In order to summarize the coefficient maps for the sparse methods (LASSO, ENET, STV and SLAP) we listed the clusters according to their extension using the script 3dclust from AFNI (https://afni.nimh.nih.gov/afni/) and found the brain regions correspondent to the maximum coefficient within each cluster using the software Talairach Daemon (http://www.talairach.org/daemon.html).
3. Results
In this section, we describe the experimental results obtained applying the different sparsity regularization methods as well as non sparse ones to decode the mental state (i.e., viewing pleasant or unpleasant images) of the subject left out of the LOSO-CV as described in the methods section. The Matlab code one may use to reproduce our results is available at https://github.com/lucabaldassarre/neurosparse.
The main aim of the experiments is to compare three different model selection criteria: (i) classification accuracy, (ii) classification accuracy and overlap between the solutions, (iii) classification accuracy and correlation between the solutions; and investigate their impact on the different performance measures: Accuracy, Sparsity, Correlation, Overlap, and Corrected Overlap (OC). As we noted in the previous section, the last three quantities are stability/reproducibility measures which indicate the extent to which maps of coefficients or sparsity patterns associated with a learning method are stable across LOSO-CV folds and hence reproducible.
Table 1 reports the average and standard deviation for the five performance measures computed on the external LOSO-CV (test error) of each learning method and model selection criterion.
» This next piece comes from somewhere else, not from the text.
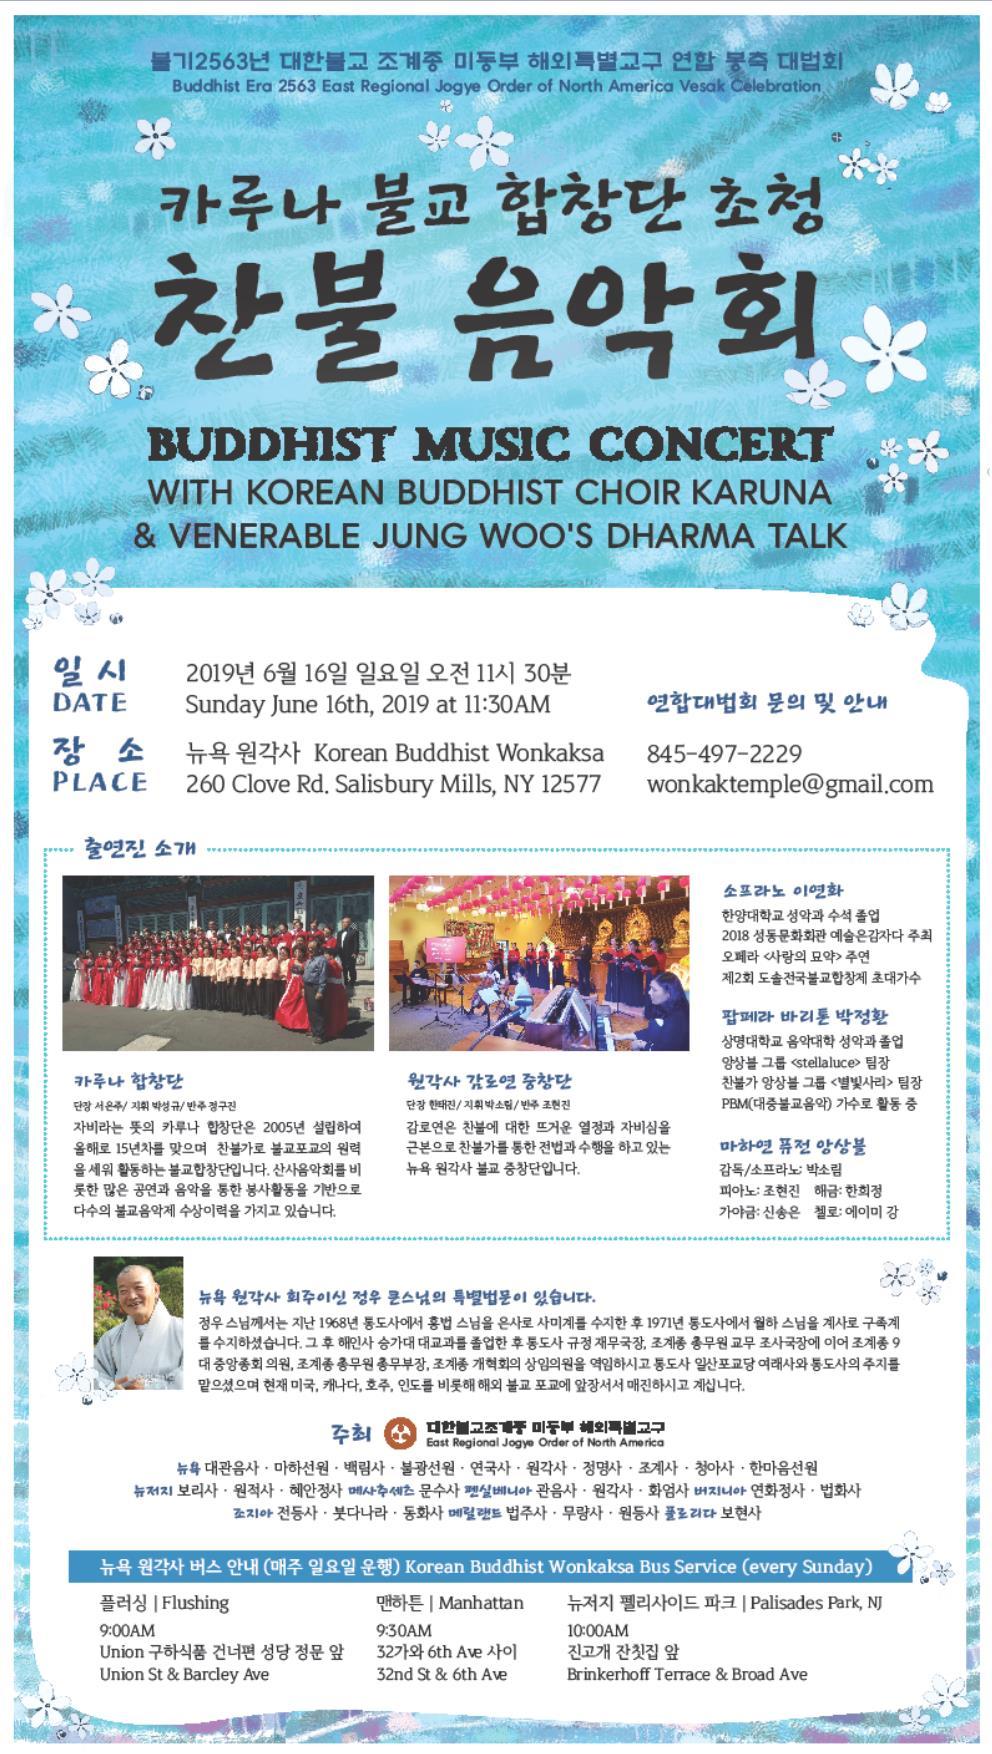 Buddhist Music Concert with Korean Buddhist Choir Karuna  -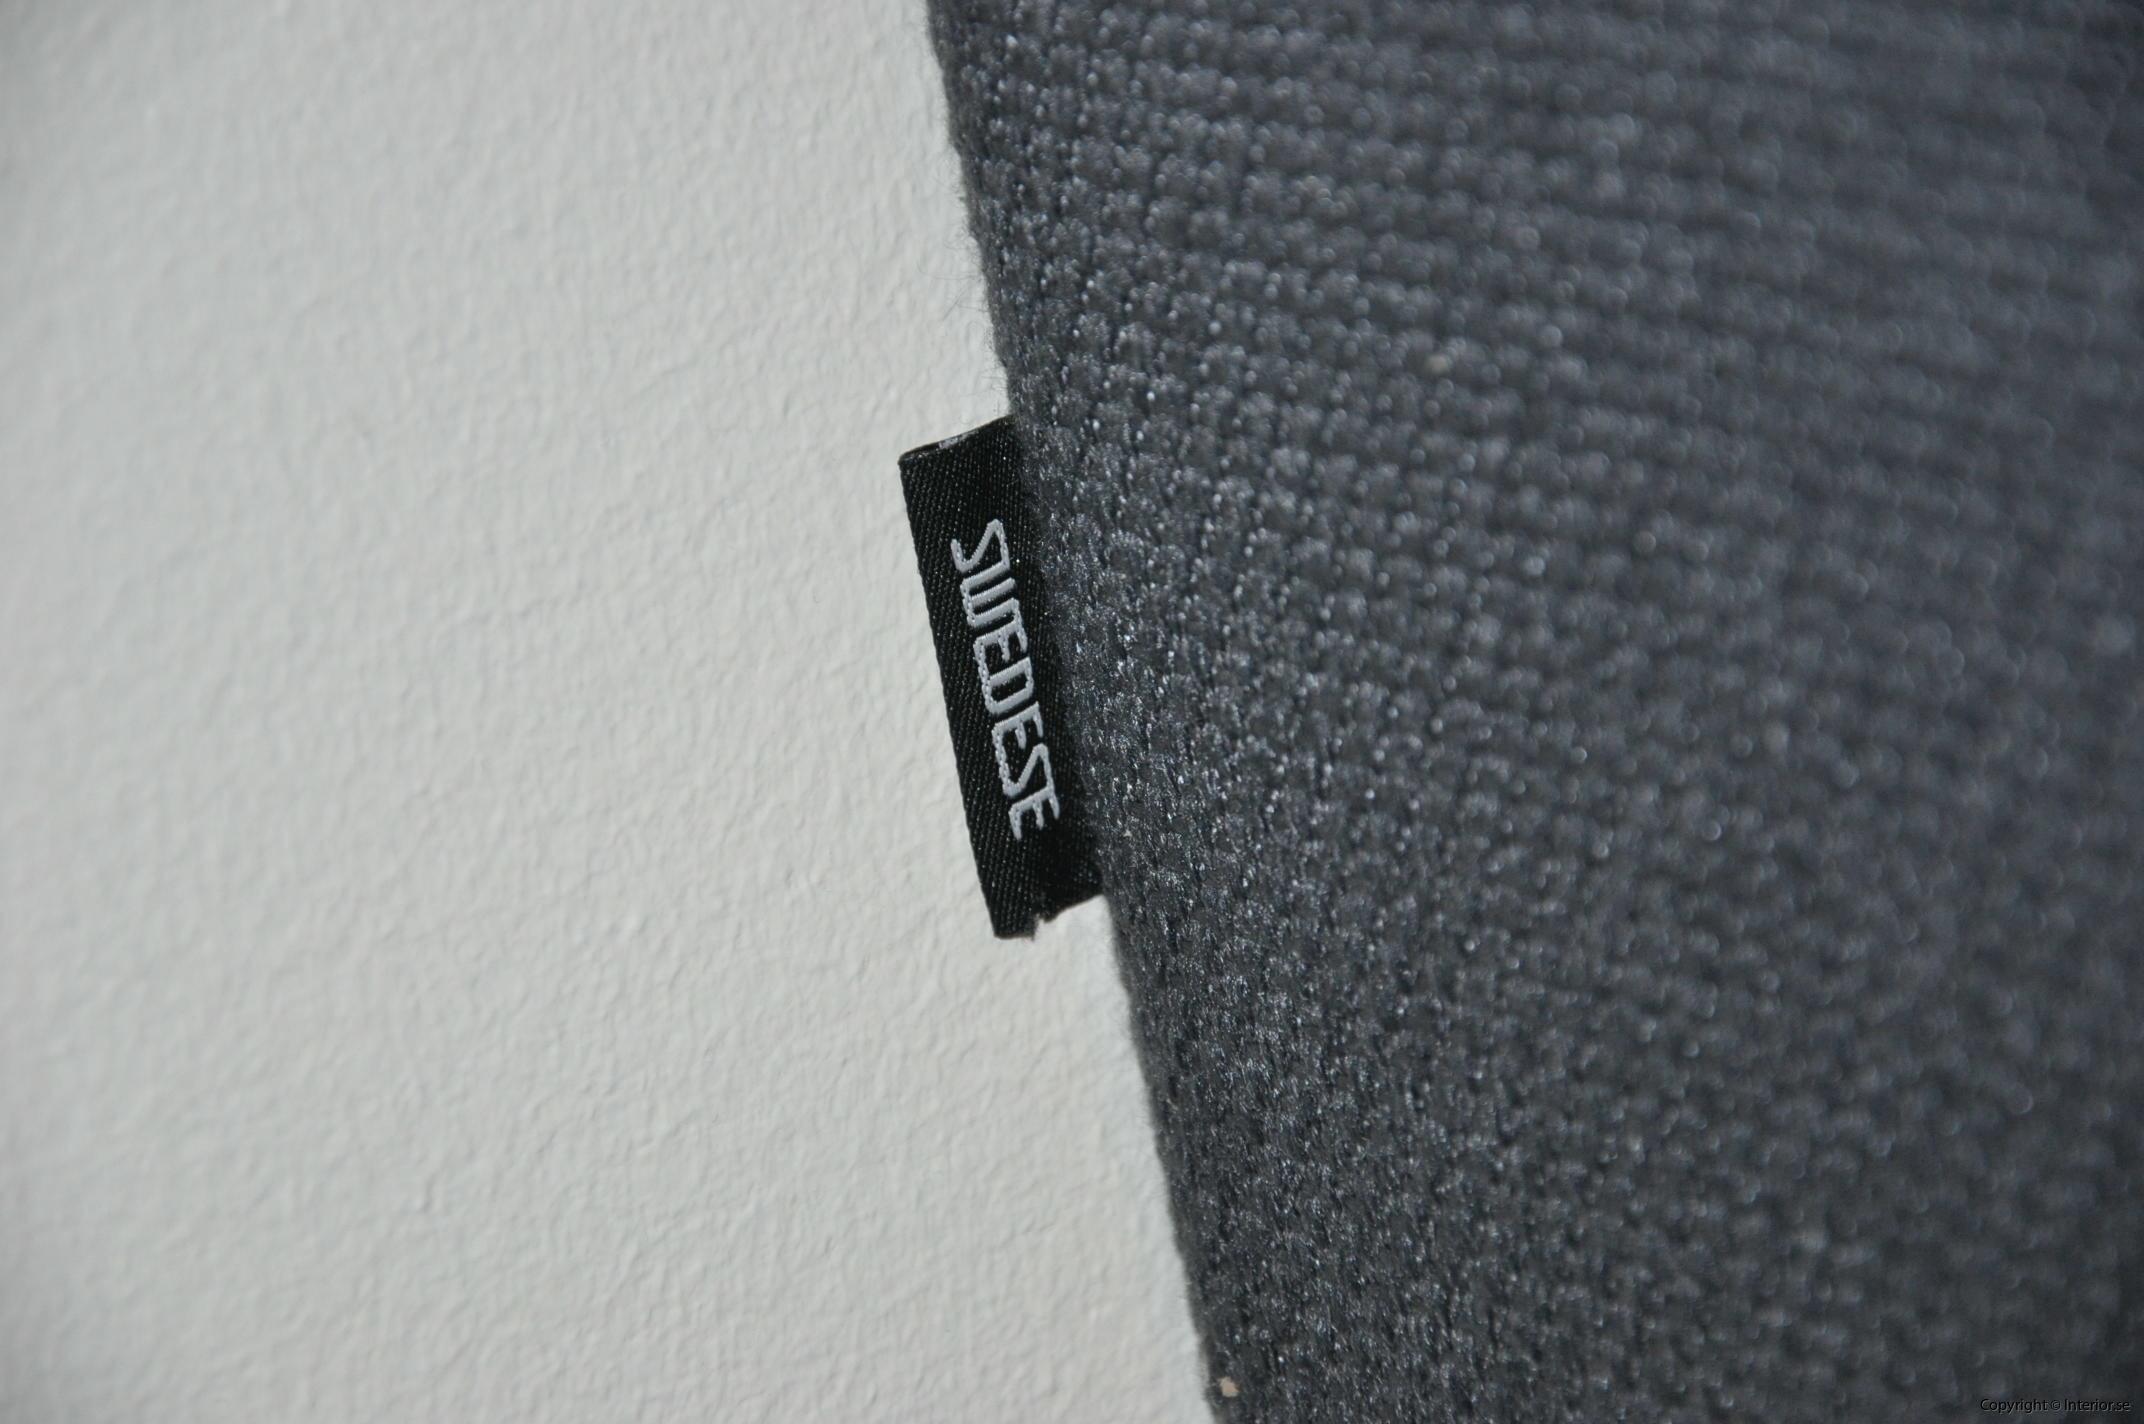 Begagnade designmöbler Swedese Madisson 3 sitssoffa (8)

Each row in the table refers to one learning method trained with one of the three model selection criteria: “Acc,” “Acc/OC,” and “Acc/Corr.” For example, in the table,“LASSO - Acc” means that we run LASSO and selected its regularization parameter according to best accuracy, whereas “LASSO - Acc/OC” means that we run LASSO and selected the regularization parameter which minimizes the distance in the Accuracy/Corrected Overlap diagram. Likewise, “LASSO - Acc/Corr” means that we run LASSO and selected the regularization parameter which minimizes the distance in the Accuracy/Correlation diagram. As expected when test performance is measured according to accuracy, the most effective model selection criterion is accuracy itself. Similarly, when test performance accounts for correlation or corrected overlap, the best performance tends to be obtained by using Acc/Correlation or Acc/OC as the model selection criterion, respectively. In Figure 1, we show an example of “Mean Accuracy vs. Mean Corrected Overlap” and of “Mean Accuracy vs. Mean Correlation” plot for the LASSO model trained for the first external LOSO fold. Note that for each learning method, there is significant discrepancy between the different optimization criteria used.
One interesting observation from Table 1 is the fact that using accuracy and stability (measured by OC) as a joint criterion for model selection leads to solutions that are more similar across different sparsity models in terms of accuracy, sparsity levels and corrected overlap, with respect to using only accuracy as optimization criterion. For example, when using the criterion Acc/OC the accuracy across different sparsity models varies from 81.03% (STV) to 84.08% (E-NET), the sparsity varies from 0.25 (LASSO) to 3 (E-NET) and the corrected overlap (OC) varies from 52 (SLAP) to 82 (E-NET). These variations are much smaller than the ones observed for model selection based on accuracy only. In this case the accuracy varies from 83.71% (LAP) to 88.02% (E-NET), the sparsity varies from 0.64 (LASSO) to 84.14 (E-NET) and the corrected overlap (OC) varies from 2 (E-NET) to 35 (SLAP). Interestingly, when using the criterion Acc/Corr this effect is not observed.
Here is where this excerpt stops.